■ **Data excerpt**:
------------
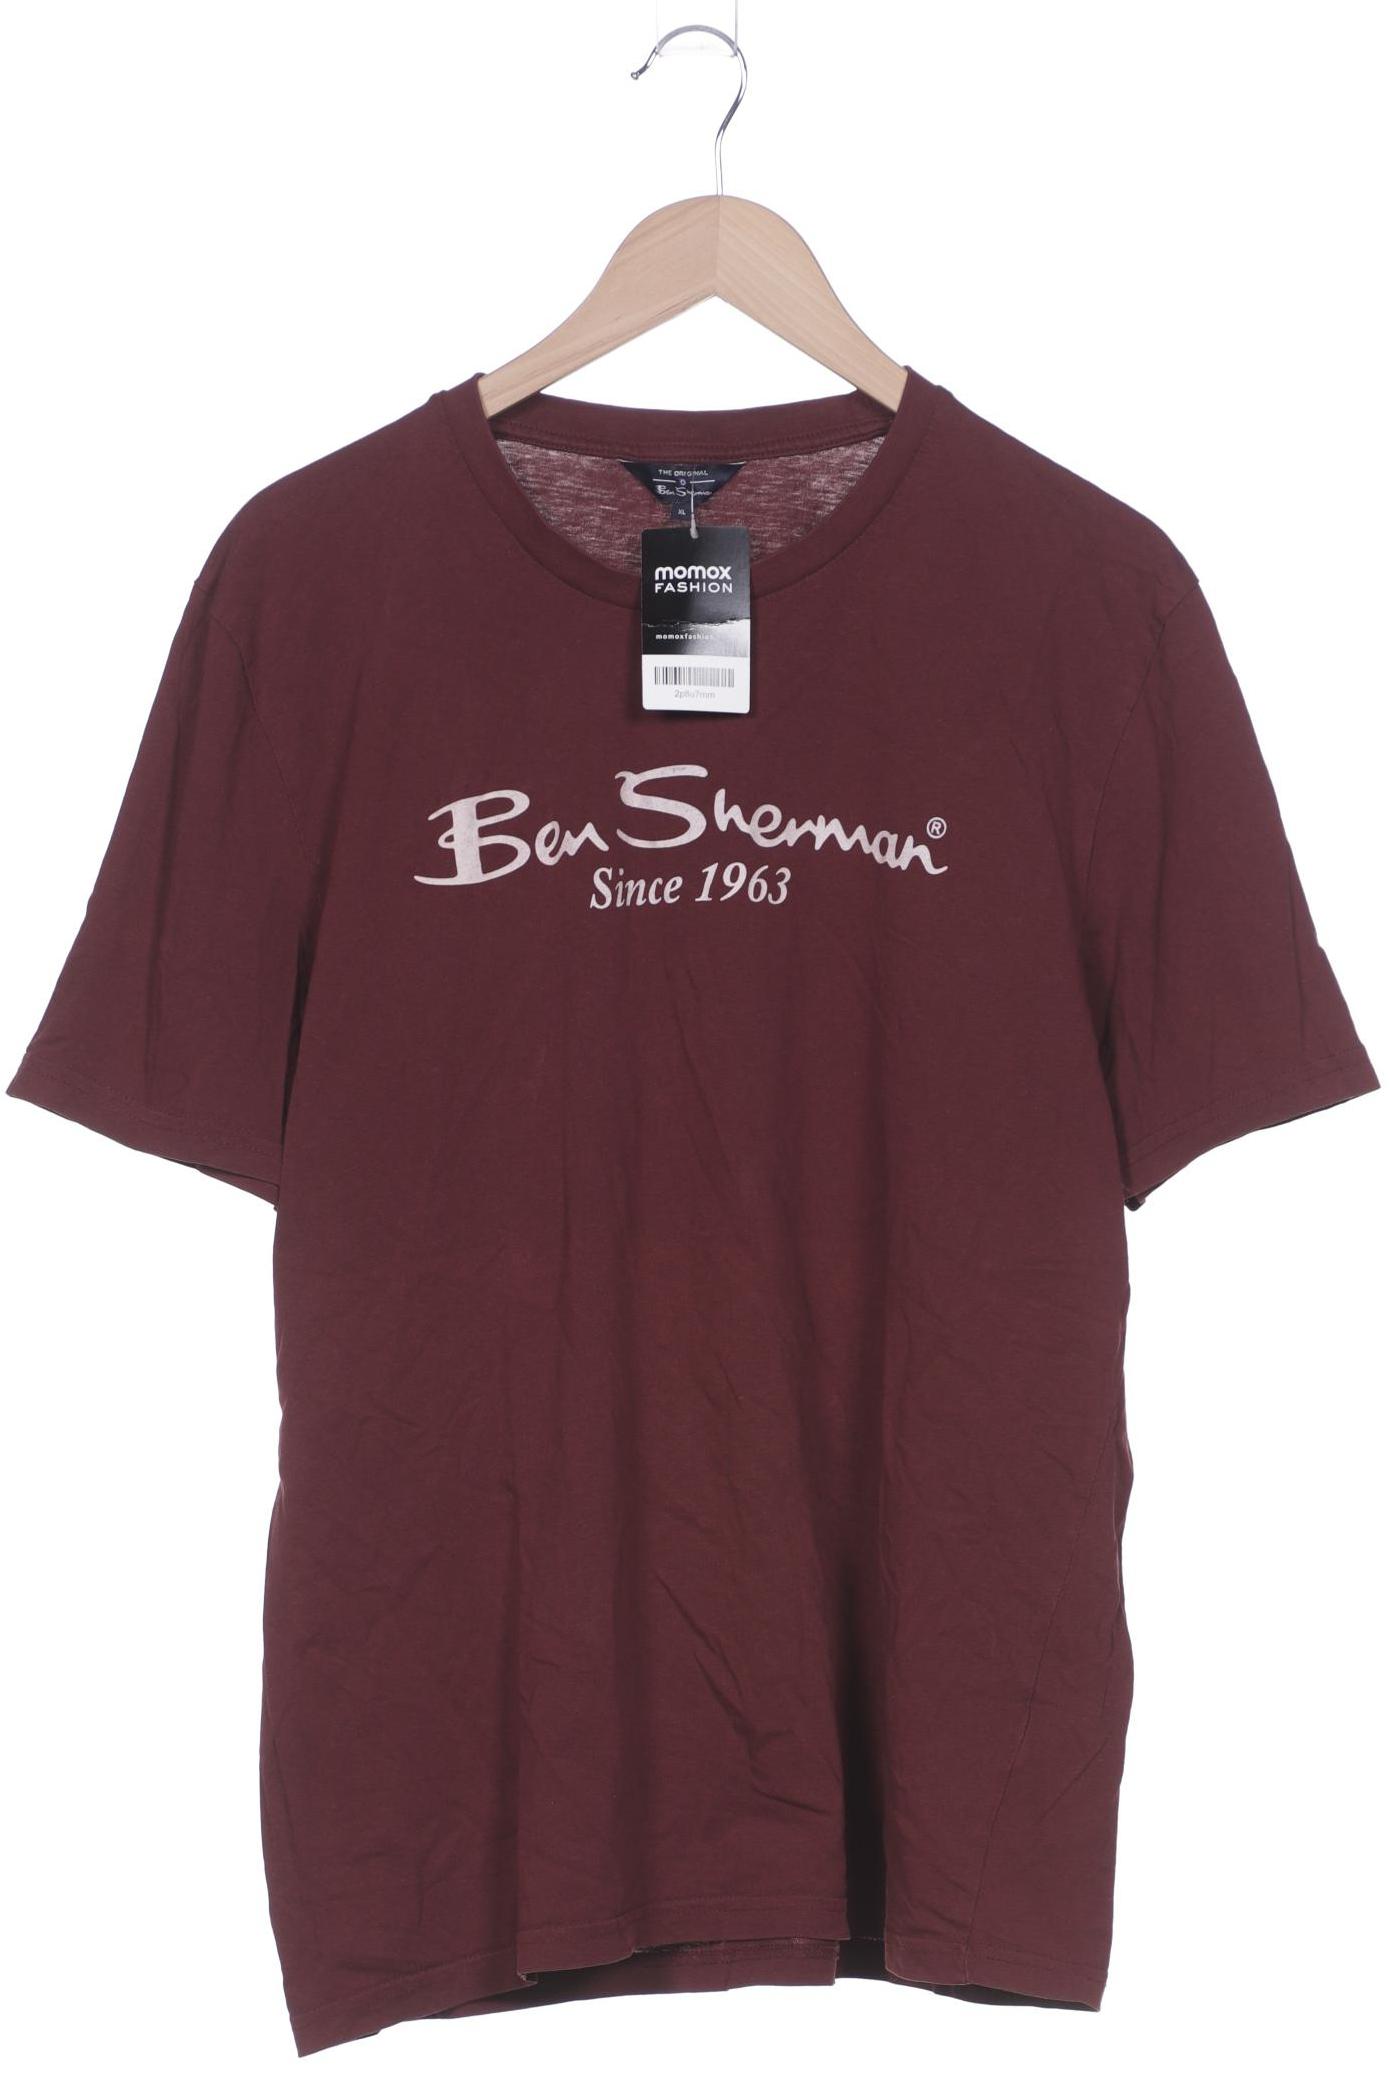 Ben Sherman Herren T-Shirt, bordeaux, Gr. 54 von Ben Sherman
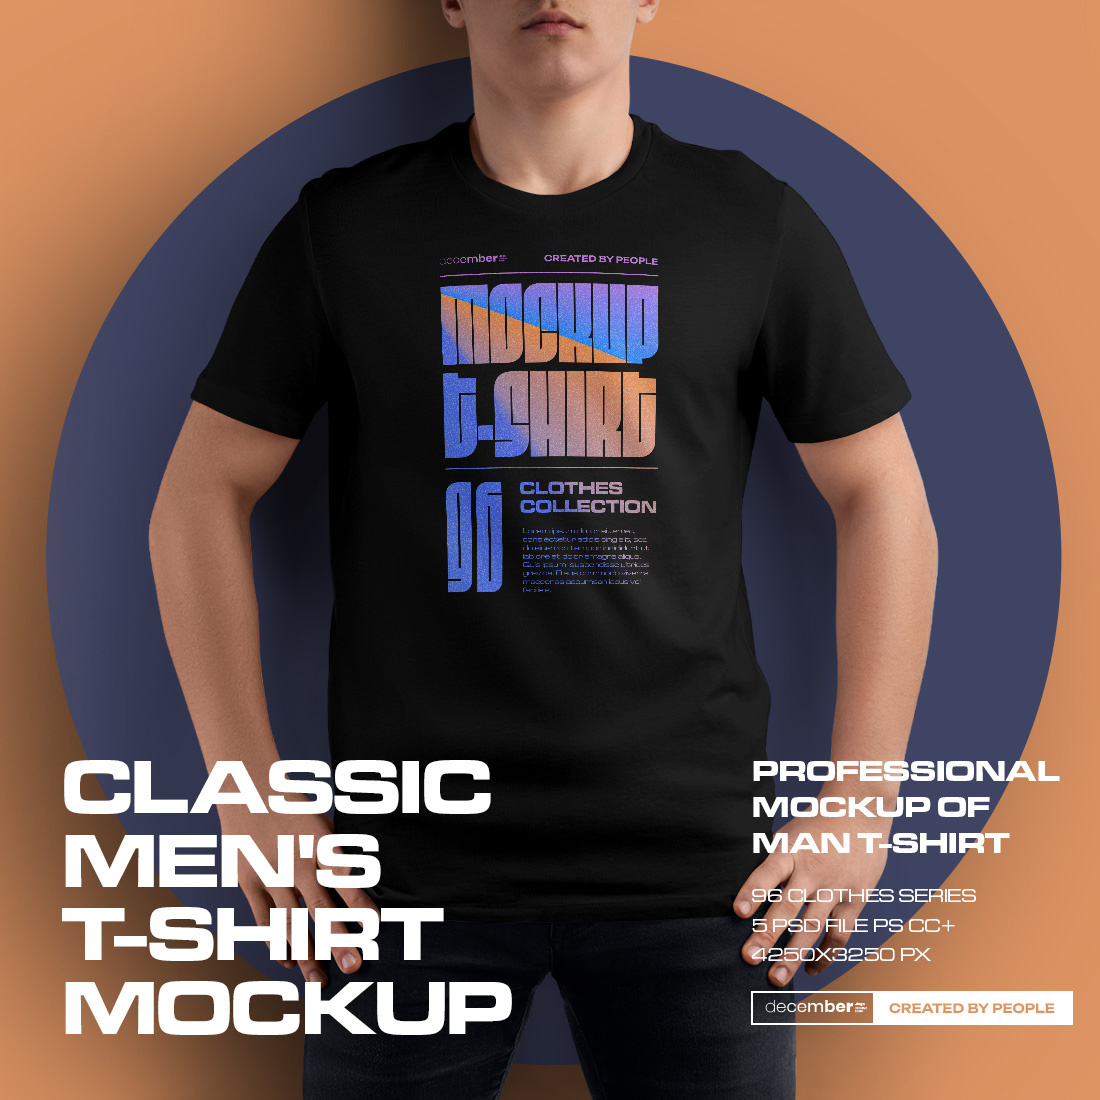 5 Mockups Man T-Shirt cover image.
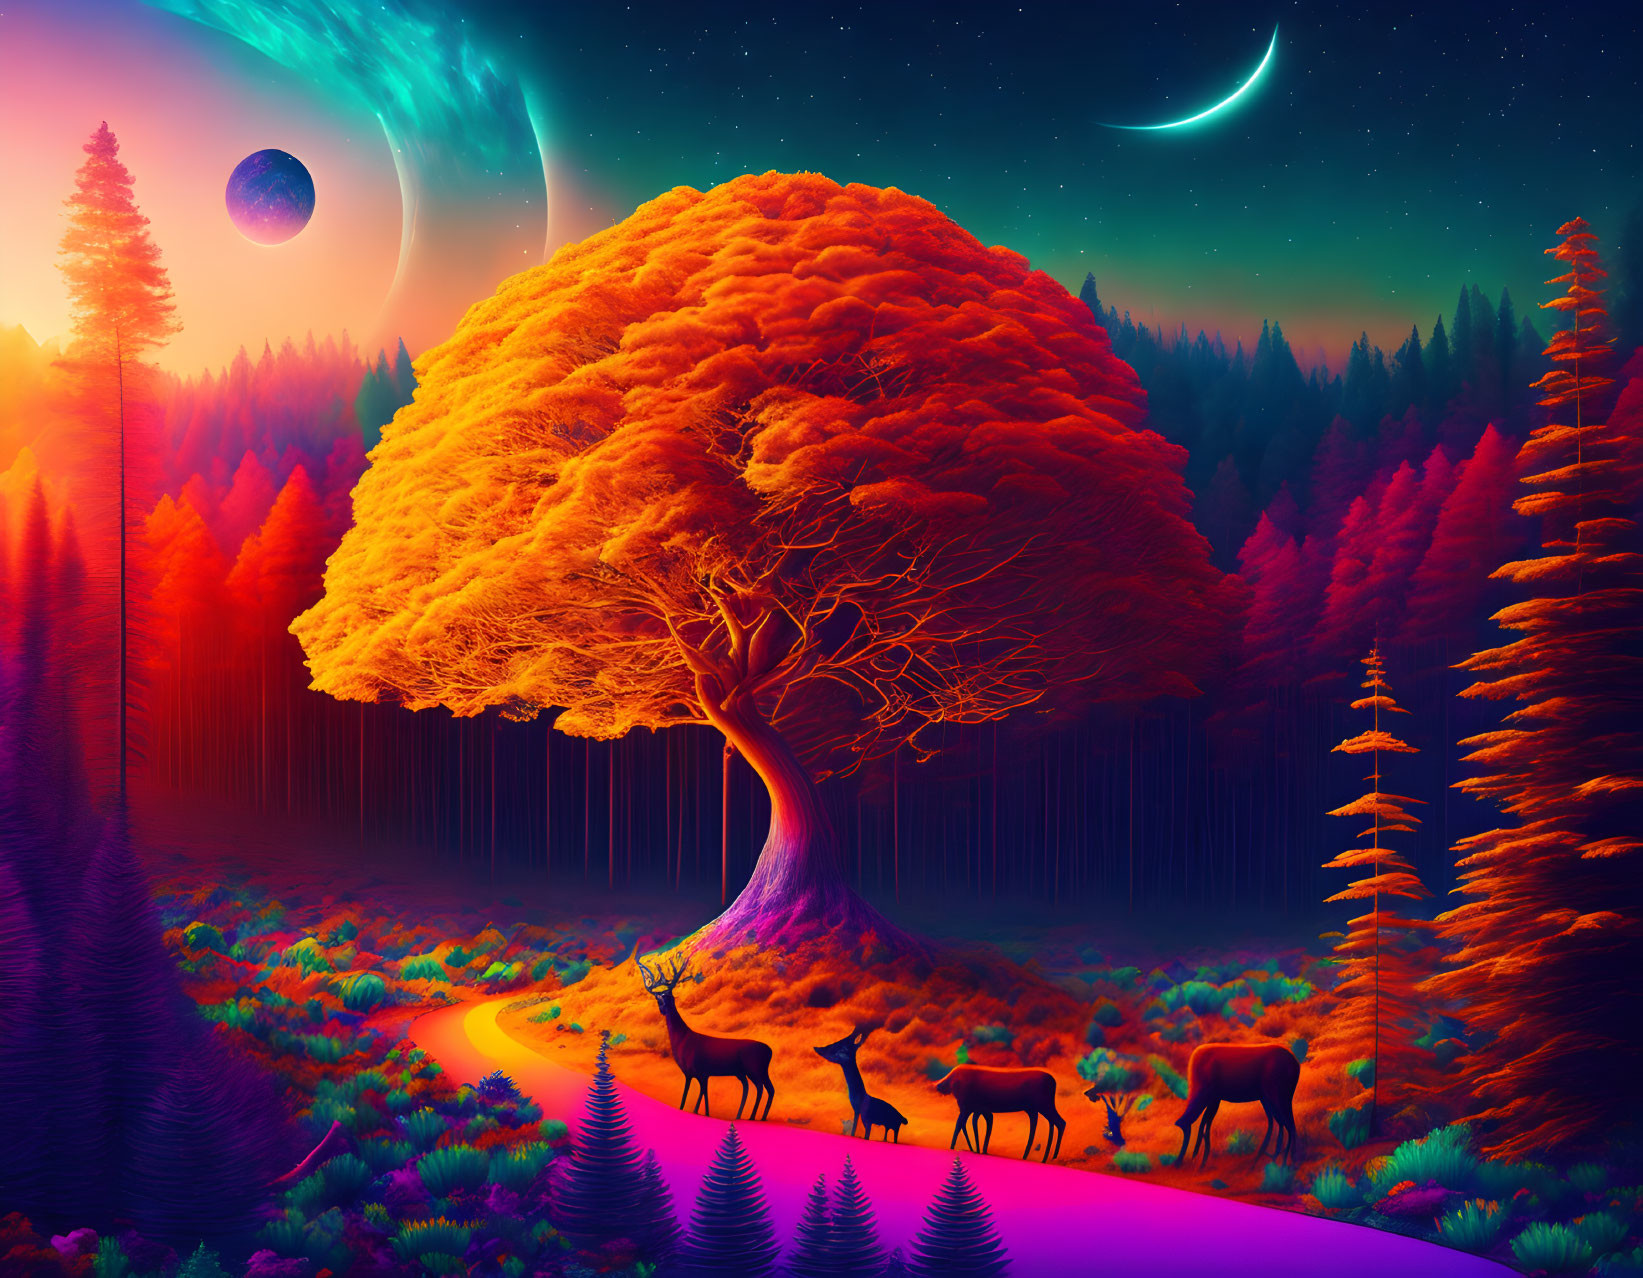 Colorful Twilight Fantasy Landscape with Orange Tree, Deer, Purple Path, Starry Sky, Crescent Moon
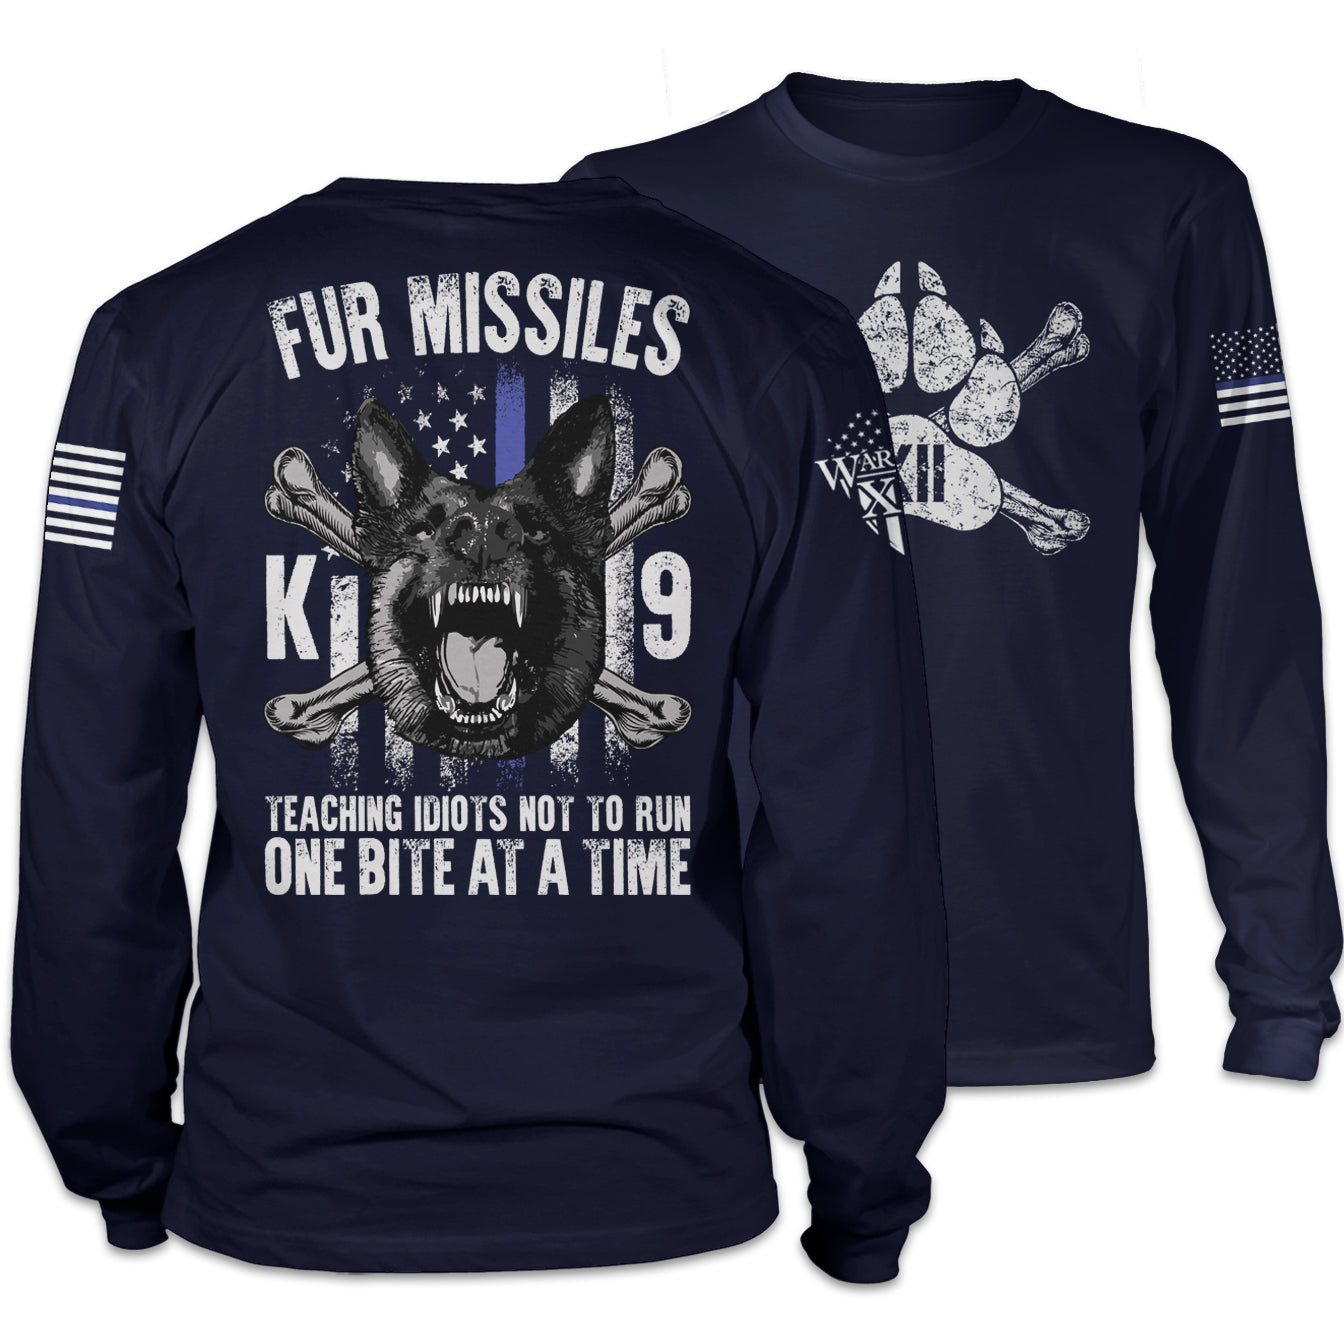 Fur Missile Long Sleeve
------------
■ **Brief**: Beginning with the line that contains "Colorful Twilight Fantasy" and ending with the last line of the data above, output those lines exactly and nothing more, without any pictures.

■ **Exercise response**:
 Colorful Twilight Fantasy Landscape with Orange Tree, Deer, Purple Path, Starry Sky, Crescent Moon
 Fur Missile Long Sleeve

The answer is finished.